Substituting the values of refractive index${\mu _g}\, = \,1.5$and apparent depth${x_{Ap1\,}}\, = \,\,6\,cm$in equation (i), for Face$1$
For finding the real depth for Face$1$
${\mu _g}\, = \,\dfrac{{{x_{R1}}}}{{{x_{Ap1}}}}$
$ \Rightarrow \,1.5\, = \,\dfrac{{{x_{R1}}}}{6}$
$ \Rightarrow \,{x_{R1}}\, = \,\,6\, \times \,1.5\,cm$
$ \Rightarrow \,{x_{R1}}\, = \,9\,cm$
Therefore, the real depth of air bubbles from Face $1$ is given by ${x_{R1}}\, = \,9\,cm$.
Now, for Face $2$
It is understood that the apparent depth from this face is given by ${x_{Ap2}}$ where ${x_{Ap2\,}}\, = \,\,4\,cm$.
Substituting the values of refractive index ${\mu _g}\, = \,1.5$ and apparent depth ${x_{Ap2\,}}\, = \,\,4\,cm$ in equation (i), for Face$2$
For finding the real depth for Face$2$
${\mu _g}\, = \,\dfrac{{{x_{R2}}}}{{{x_{Ap2}}}}$
$ \Rightarrow \,1.5\, = \,\dfrac{{{x_{R2}}}}{4}$
$ \Rightarrow \,{x_{R2}}\, = \,\,4\, \times \,1.5\,cm$
$ \Rightarrow \,{x_{R2}}\, = \,6\,cm$
Therefore, the real depth of air bubbles from Face $2$ is given by ${x_{R2}}\, = \,6\,cm$.
Thus the thickness of the glass slab is given by the sum of the real depths of the air bubble from both faces (Face$1$ and Face$2$).
Let the thickness of glass slab be $t$ in$cm$,
$t\, = \,{x_{R1}}\, + \,{x_{R2}}$
$ \Rightarrow \,t\, = \,9 + \,6\,cm$
$ \Rightarrow \,t\, = \,15\,cm$
Hence, the thickness of the glass slab is given by $t\, = \,15\,cm$.
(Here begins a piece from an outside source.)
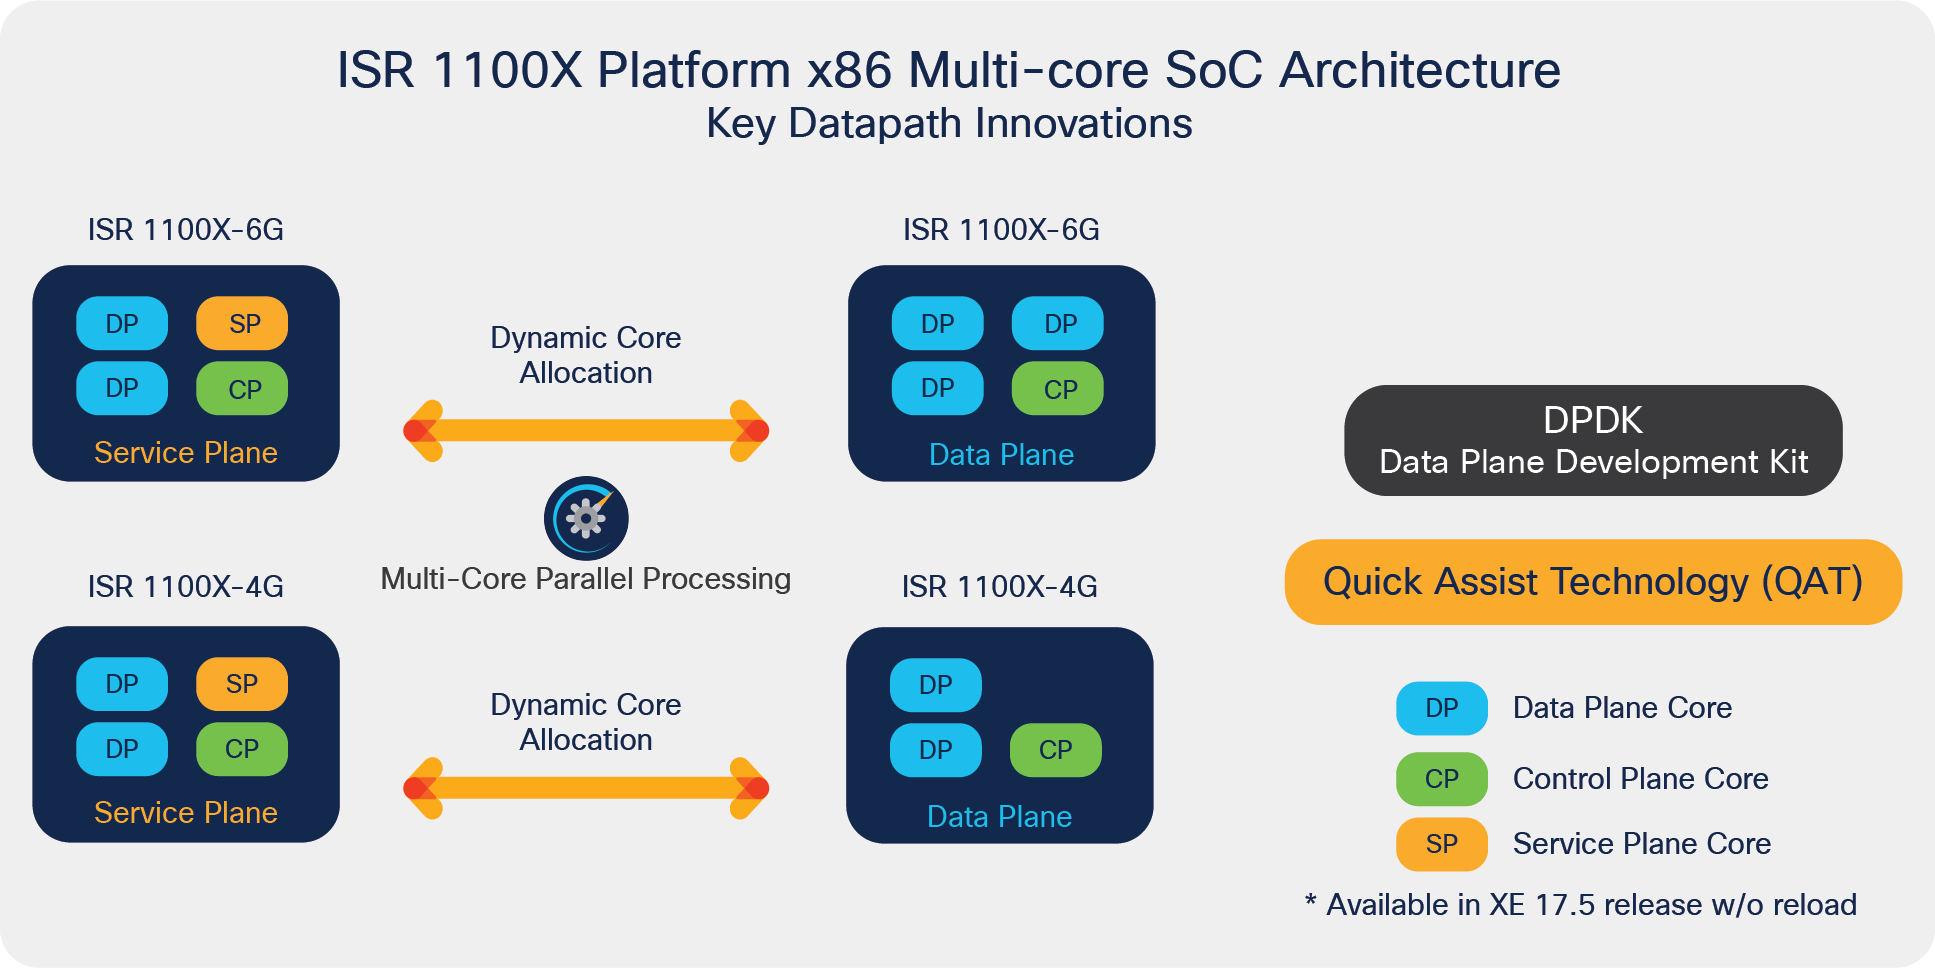 Dynamic core allocation in the ISR 1100X-4G and ISR 1100X-6G platforms

Therefore, option (B) $15\,cm$ is the correct option.

Note:
An object placed in a denser medium when viewed from a rarer medium appears to be at a depth less than the real depth which is known as apparent depth but when the object in the denser medium is viewed along the normal from a rarer medium, the apparent shift in depth is zero.